While we have had historical successes, there can be no assurance that fundraising for our new and existing funds will experience similar success. If we were unable to raise such capital, we would be unable to collect capital raise fees or deploy such capital into investments, which would materially reduce our revenues and cash flow and adversely affect our financial condition.

We remain confident about our ability to find, identify, and source new investment opportunities that meet the requirements and return profile of our investment funds despite headwinds associated with increased asset valuations, competition and increased overall cost of credit. We continue to identify strategic acquisitions on off-market terms and anticipate that this trend will continue. We are at a point in our investment cycle where some of our funds have begun to exit significant parts of their portfolios while other are approaching a potential harvesting phase. We have complemented these cycles with other newer funds that will maintain management fees while providing continued sources of activity for our Development segment.

In February 2023, we expanded our access to institutional capital by entering into an agreement with Skyway Capital Markets to serve as a managing broker-dealer for our primary investment products. The agreement designates Skyway to assist us to raise capital primarily from third party broker-dealers and registered investment advisors, many of which have an existing business relationship with Skyway. Skyway will assist us in our efforts to hire, train and manage a national wholesaling team, secure selling agreements, and provide appropriate due diligence to advisors distributing our funds. Our current managing broker-dealer will remain engaged with us to supervise and manage our existing private client sales team and to join Skyway as a selling group member.

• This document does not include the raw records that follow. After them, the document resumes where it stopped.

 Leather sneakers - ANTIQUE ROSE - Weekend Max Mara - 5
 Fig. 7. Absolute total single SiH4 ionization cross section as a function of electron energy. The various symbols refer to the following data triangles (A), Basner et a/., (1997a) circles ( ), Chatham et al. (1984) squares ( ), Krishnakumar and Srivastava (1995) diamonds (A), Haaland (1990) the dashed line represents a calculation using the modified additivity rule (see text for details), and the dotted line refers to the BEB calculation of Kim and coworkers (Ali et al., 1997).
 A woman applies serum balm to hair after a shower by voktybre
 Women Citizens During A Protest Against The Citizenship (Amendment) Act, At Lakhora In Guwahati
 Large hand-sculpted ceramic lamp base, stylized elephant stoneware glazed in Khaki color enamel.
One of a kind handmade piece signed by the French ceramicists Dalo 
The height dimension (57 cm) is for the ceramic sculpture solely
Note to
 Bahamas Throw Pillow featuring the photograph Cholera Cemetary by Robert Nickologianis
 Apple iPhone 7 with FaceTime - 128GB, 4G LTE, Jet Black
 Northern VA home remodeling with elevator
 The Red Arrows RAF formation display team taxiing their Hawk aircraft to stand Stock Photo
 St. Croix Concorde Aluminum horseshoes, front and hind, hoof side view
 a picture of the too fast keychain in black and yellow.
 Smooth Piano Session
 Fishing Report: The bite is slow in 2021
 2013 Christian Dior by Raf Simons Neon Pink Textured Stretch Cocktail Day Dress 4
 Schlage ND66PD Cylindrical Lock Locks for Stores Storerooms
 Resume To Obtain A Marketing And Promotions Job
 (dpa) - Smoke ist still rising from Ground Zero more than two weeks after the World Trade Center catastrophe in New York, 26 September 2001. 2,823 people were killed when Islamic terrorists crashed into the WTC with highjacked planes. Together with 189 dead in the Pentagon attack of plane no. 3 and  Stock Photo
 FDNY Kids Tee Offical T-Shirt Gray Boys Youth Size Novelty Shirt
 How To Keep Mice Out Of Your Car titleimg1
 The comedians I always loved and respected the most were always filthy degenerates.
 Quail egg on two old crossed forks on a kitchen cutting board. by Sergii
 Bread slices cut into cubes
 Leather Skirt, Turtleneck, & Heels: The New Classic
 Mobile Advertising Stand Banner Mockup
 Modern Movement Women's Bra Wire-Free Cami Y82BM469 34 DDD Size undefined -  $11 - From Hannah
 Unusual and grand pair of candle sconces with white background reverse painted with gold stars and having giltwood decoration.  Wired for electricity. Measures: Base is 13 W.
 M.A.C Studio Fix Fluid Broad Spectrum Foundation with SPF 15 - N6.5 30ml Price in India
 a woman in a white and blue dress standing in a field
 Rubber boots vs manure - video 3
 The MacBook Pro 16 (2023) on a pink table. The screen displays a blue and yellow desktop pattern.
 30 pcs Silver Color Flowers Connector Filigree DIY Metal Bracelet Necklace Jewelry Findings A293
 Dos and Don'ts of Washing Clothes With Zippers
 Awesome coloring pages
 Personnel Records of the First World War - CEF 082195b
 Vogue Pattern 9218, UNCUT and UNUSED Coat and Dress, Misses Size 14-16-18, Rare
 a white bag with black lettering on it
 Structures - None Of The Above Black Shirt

Acquiring new assets includes being able to negotiate favorable loans on both a short and long-term basis. We strive to forecast and project our returns using assumptions about, among other things, the types of loans that we might expect the market to extend for a particular type of asset. This becomes more complex when the asset also requires construction financing. We may also need to refinance existing loans that are due to mature. Factors that affect these arrangements include the interest rate and economic environment, the estimated fair value of real property, and the profitability of the asset’s historical operations. These capital market conditions may affect the renewal or replacement of our credit agreements, some of which have maturity dates occurring within the next 12 months. Obtaining such financing is not guaranteed and is largely dependent on market conditions and other factors.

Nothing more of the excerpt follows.